Fluorescent labeling provided more definitive sensitivity and localization compared to chromogenic, lectin-based assays. In the infected mammary gland, pancytokeratin (epithelial marker) and Iba1 were used to evaluate intracellular distribution of IAV-Np. Co-labeling of IAV-Np with pancytokeratin was observed in cells lining the interlobular ducts and secretory alveoli, with more intense labeling in the alveolar epithelium. Intraluminal cells within secretory alveoli and ducts exhibited both intranuclear and cytoplasmic IAV-Np expression, commonly labeled with pancytokeratin and rare Iba1-positive cells.

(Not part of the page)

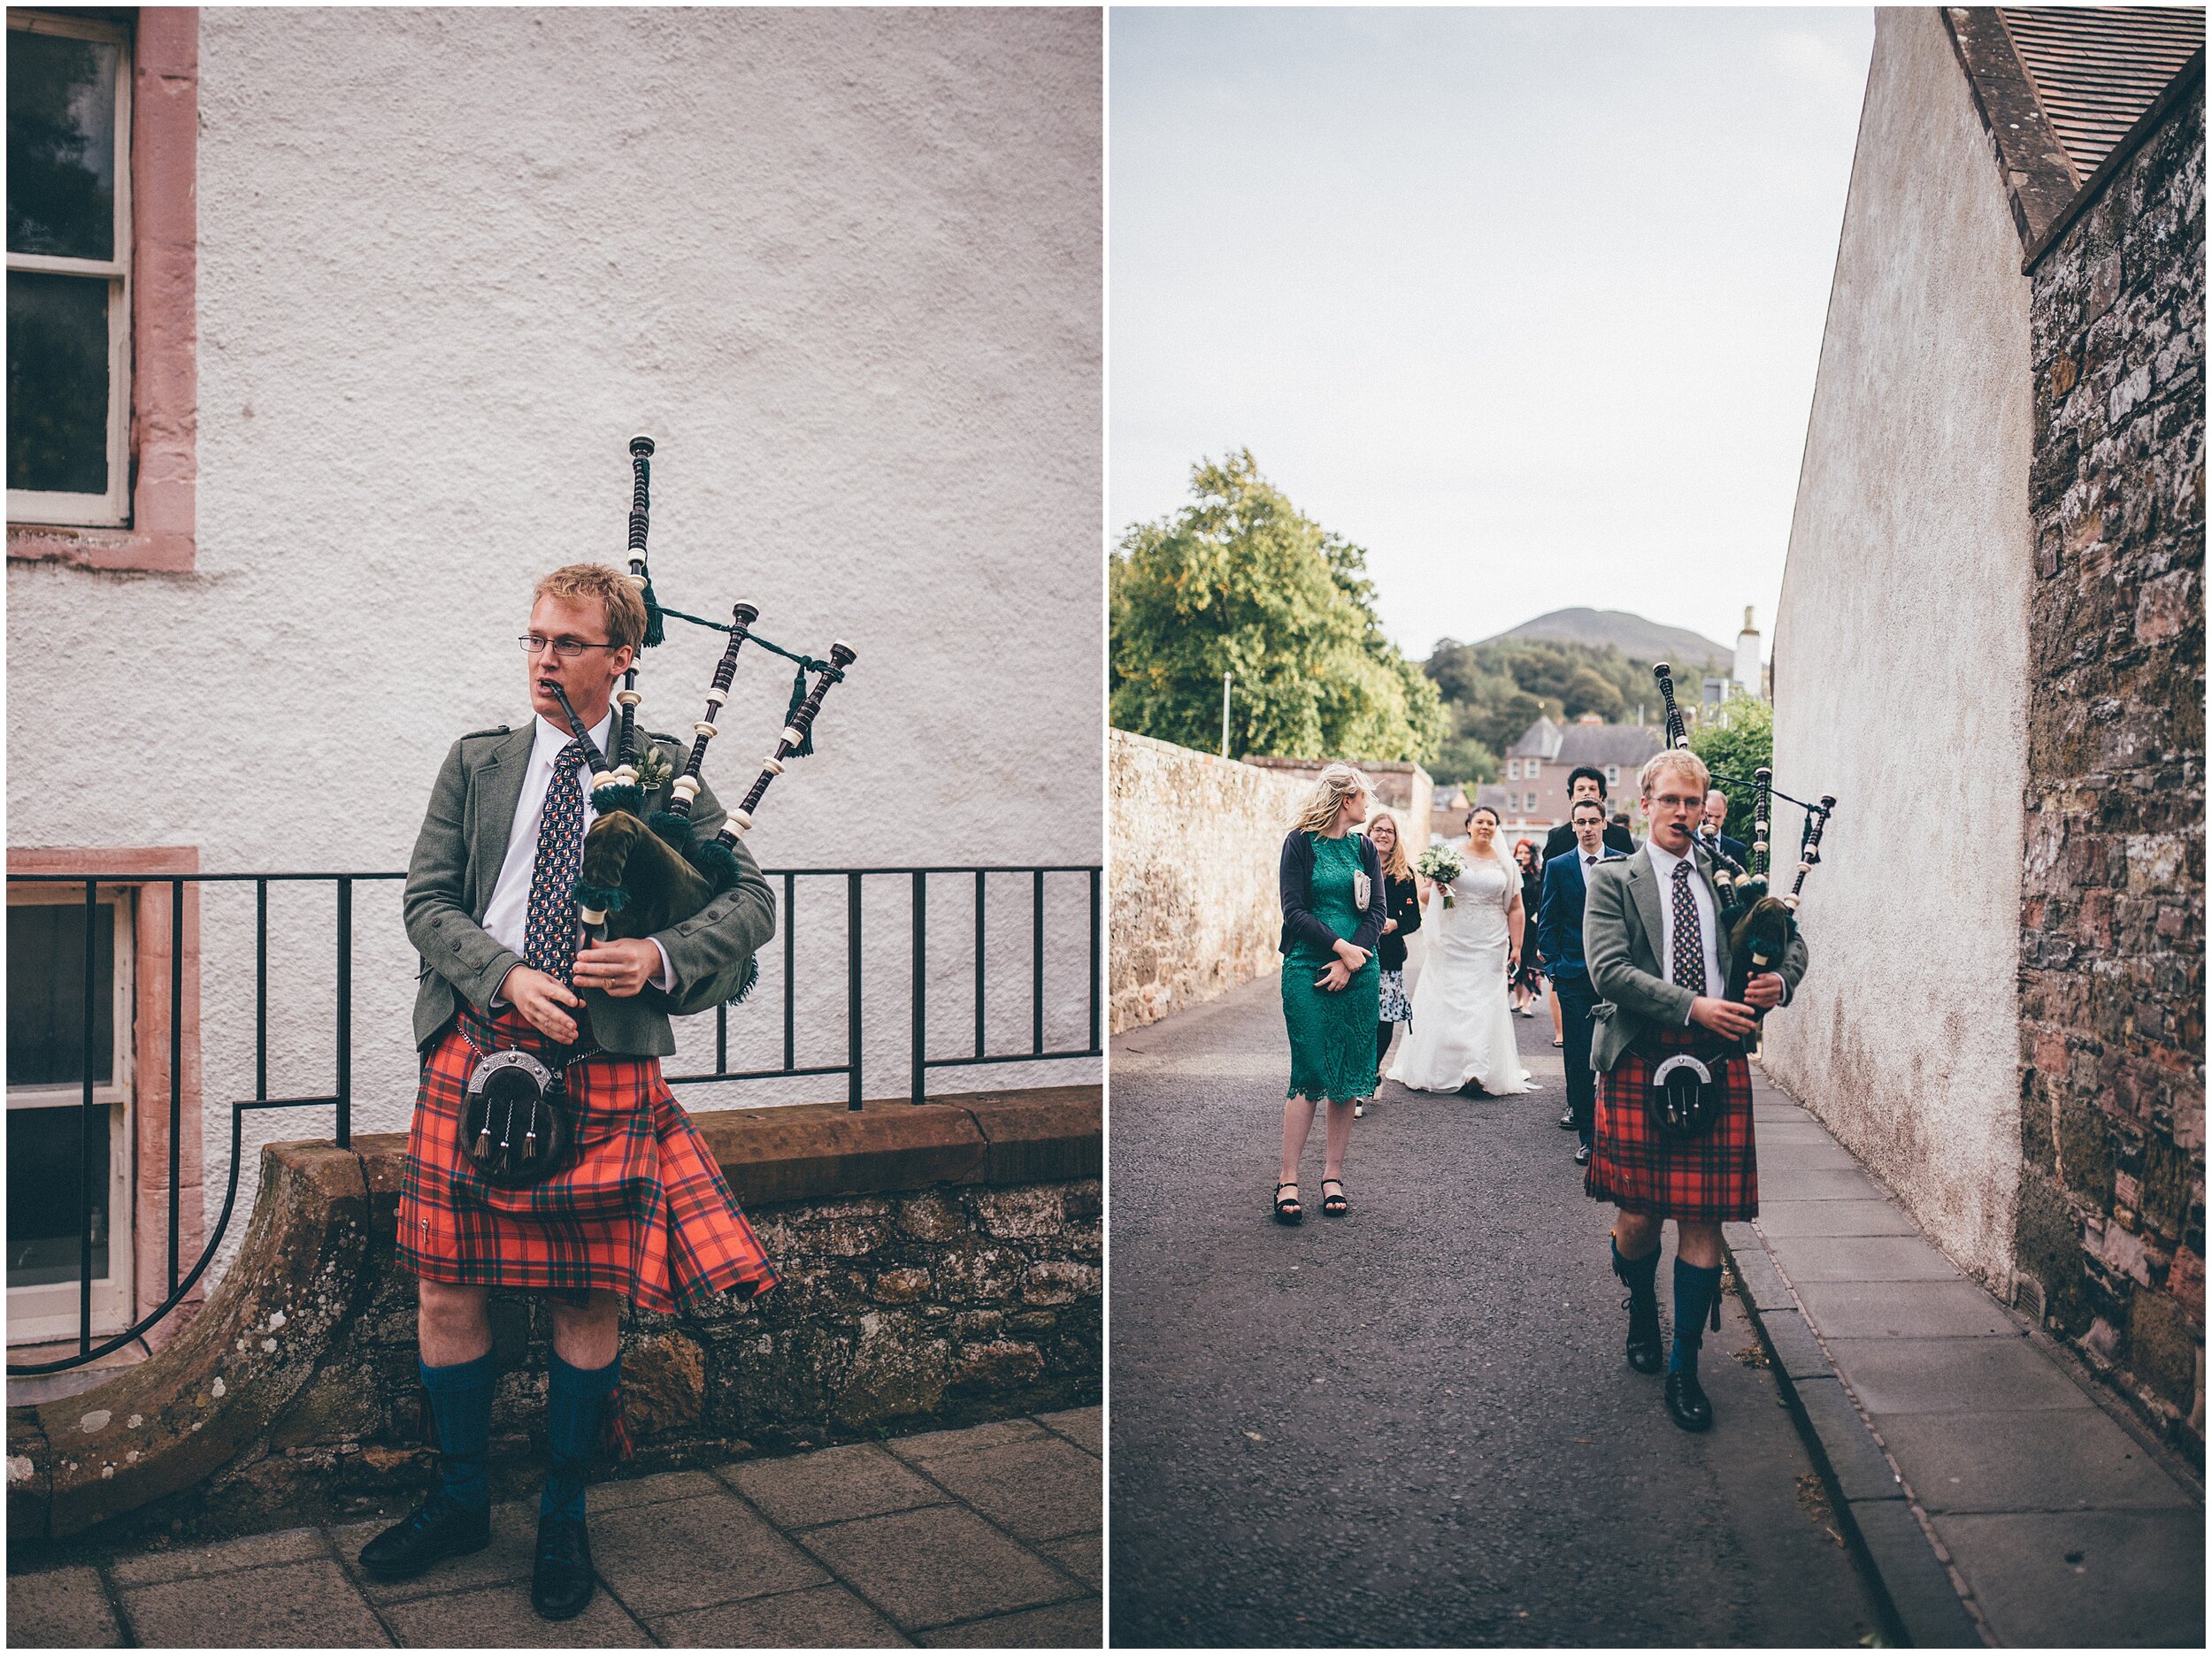 Bagpipe player at a wedding in Melrose Abbey on Scottish Borders.

Intranuclear IAV-Np labeling co-localized with MAL-II and SNA in epithelial cells lining the secretory alveoli. Co-labeling of IAV-Np and SNA was also observed in ductal epithelial cells, while MAL-II was not detected in ducts. MAL-I labeling was not found in the secretory ducts or alveoli, precluding its detection with IAV-Np. 

Conclusions

To summarize, the presence of HPAI H5N1 virus in cattle, especially in the mammary gland and milk, highlights the adaptability of IAV to nontraditional species and the need for active surveillance. IAVs utilize specific SA receptors for host infection. Avian IAVs prefer SA α2,3 linkages, while mammalian IAVs, including those from humans and swine, favor SA α2,6 linkages. This study found both types of SA receptors in the respiratory tract and mammary glands of dairy cattle, indicating potential for cross-species infection.